For a fact, the life of a free-lance writer is a helter-skelter of occasions; if he is to meet his daily obligations, he has to accept opportunities as they come along. In adapting to this existence, Mr. Hall was enormously stimulated by the example of his New Hampshire forebears, who had to turn a hand to every chore that turned up on a family farm in a sparse part of the world. From canning beans to getting in hay, from collecting eggs to milking cows to picking blueberries and hunting wild mushrooms, the farmer and his family work sunup to sundown seven days a week. In his journalistic endeavors Donald Hall emulated them.
It may be customary to say, in some circles, that so much energy so widely diffused tends to produce perfunctory performances but not much deeply labored achievement. I don’t think this wiseacre criticism applies to Donald Hall. He is not John Keats, but whatever he could achieve he has labored with all his might to achieve. He has worked over his poems with the singleminded devotion of a diamond cutter, and the fact that at the same time he was writing children’s books and giving talks to women’s clubs hasn’t limited his accomplishment. It’s a record over which he has every right to crow.
Still, work is the theme of only the first half of this very personal memoir. Halfway through it the author is struck with a dangerous, possibly fatal, cancer of the liver; and the second half of the volume is written under the shadow of this fearful ailment.

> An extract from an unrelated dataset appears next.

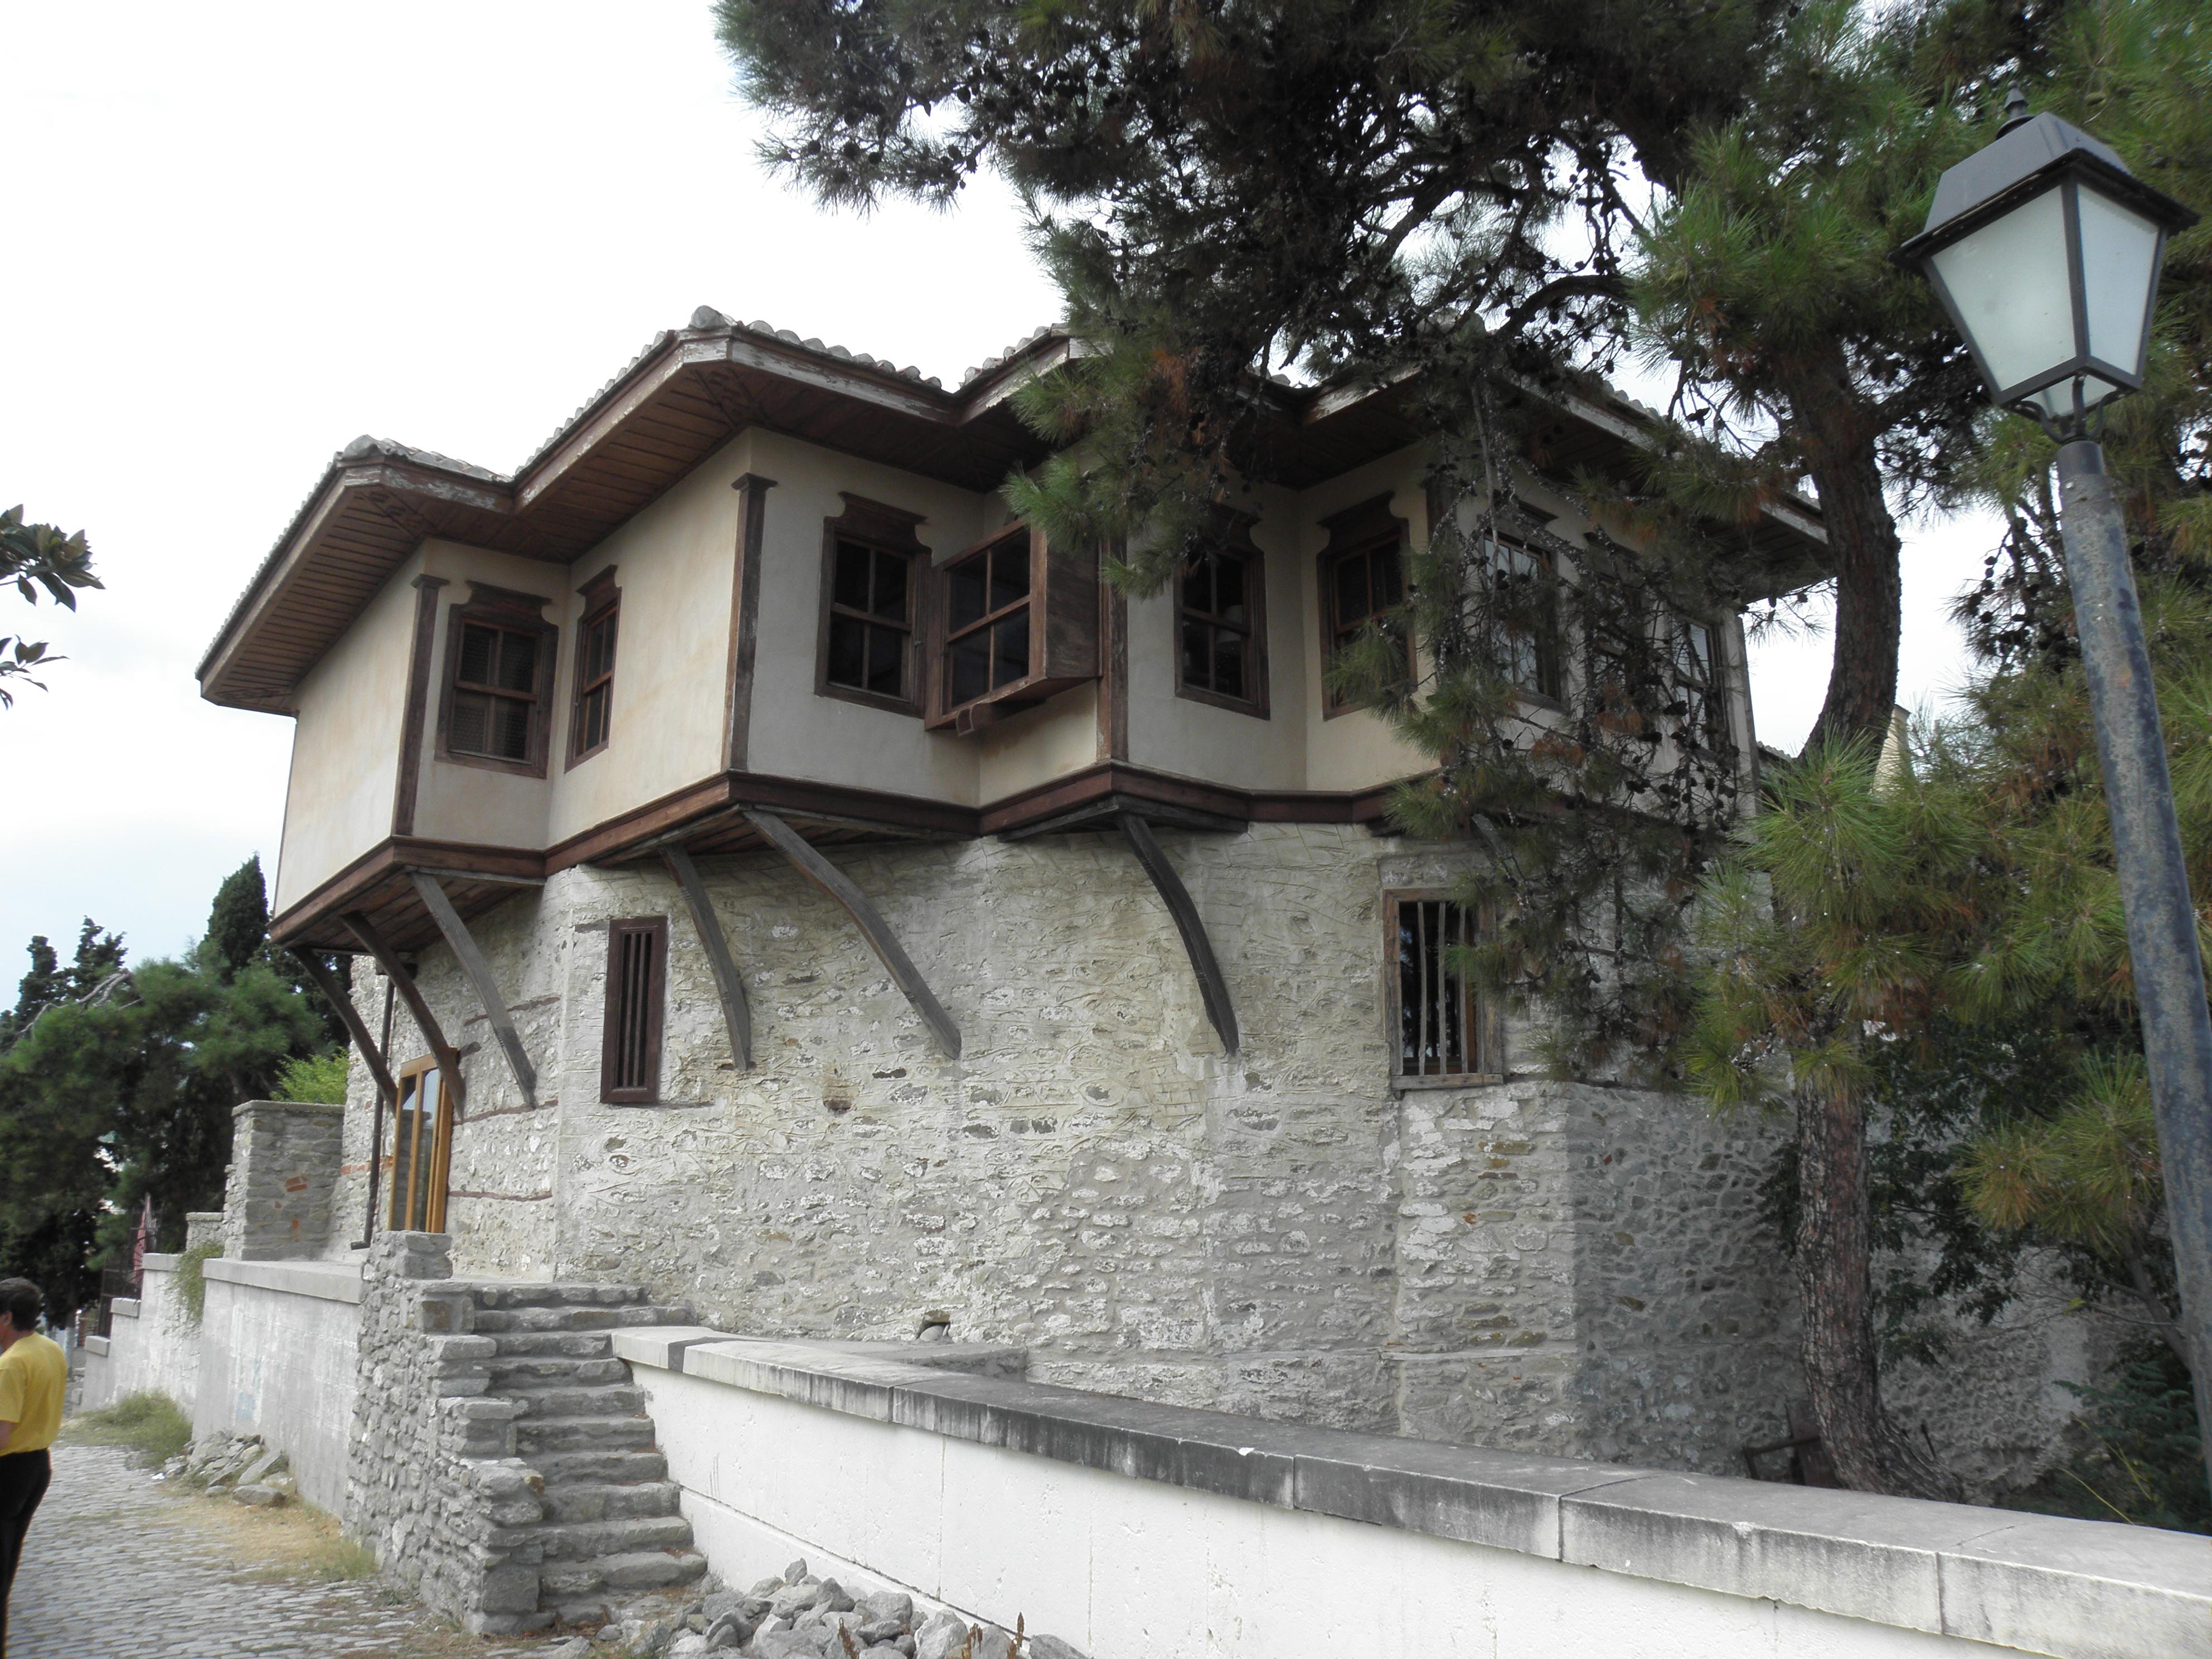 Ali pashas house in kavala, greece photo

Perhaps this is why Donald Hall dwells with particular relish on the strong, clear record of his grandparents. To talk about his own invalid condition cannot be very exhilarating; he gives few clinical reports. The topic of dying well used to be, in the long-ago Renaissance, a performance which men practiced assiduously and described in detail. Nowadays the drama seems to have gone out of it. Mr. Hall has faced the Great Perhaps with the quiet stoicism which seems today to befit the occasion. His friend the Protestant pastor who is dying slowly and painfully nearby dwells only lightly on dogma but represents a strong personal identity in extremis.
Another aspect of this experience is represented by Donald Hall’s most recent book of poems, The Museum of Clear Ideas. It is a recollection of verses by no means entrapped by the misfortunes of his personal life but rather strong and independent in its handling of two different aspects of the outside world. Bold, witty, and forceful beyond his previous work, the new book consists of two good-sized poems, one modeled on the first book of Horace’s Odes, the other on the pattern of a baseball game, with nine innings of nine stanzas each and a couple of extra innings at the end.
The “Baseball” poem does not follow the episodes, adventures, and moralities of a particular contest. Rather, it alludes freely to episodes of the pastime and parts of its mythology, generally from the outlook of a partisan of the Boston Red Sox over the past couple of decades. Not every reader will get all the allusions; there are glancing comments on Billy Herman, Wade Boggs, and Curt Davis, but nothing about Ted Williams or other well-known Boston heroes. Still, the poem, which is mostly about the game of life, makes colorful allusion to doings in the big leagues, and can’t be expected to cover a single season’s doings at Fenway Park. One of its first premises is that it will try to explain the rules of the game to the German collagist Kurt Schwitters (1887–1948), who, while he would surely have been gratified and flattered, could not have been much enlightened by the fragmentary information in the poem. No matter: baseball is a hearty outdoors pastime. Donald Hall’s enthusiasm for it is infectious, and the versification is invigorating.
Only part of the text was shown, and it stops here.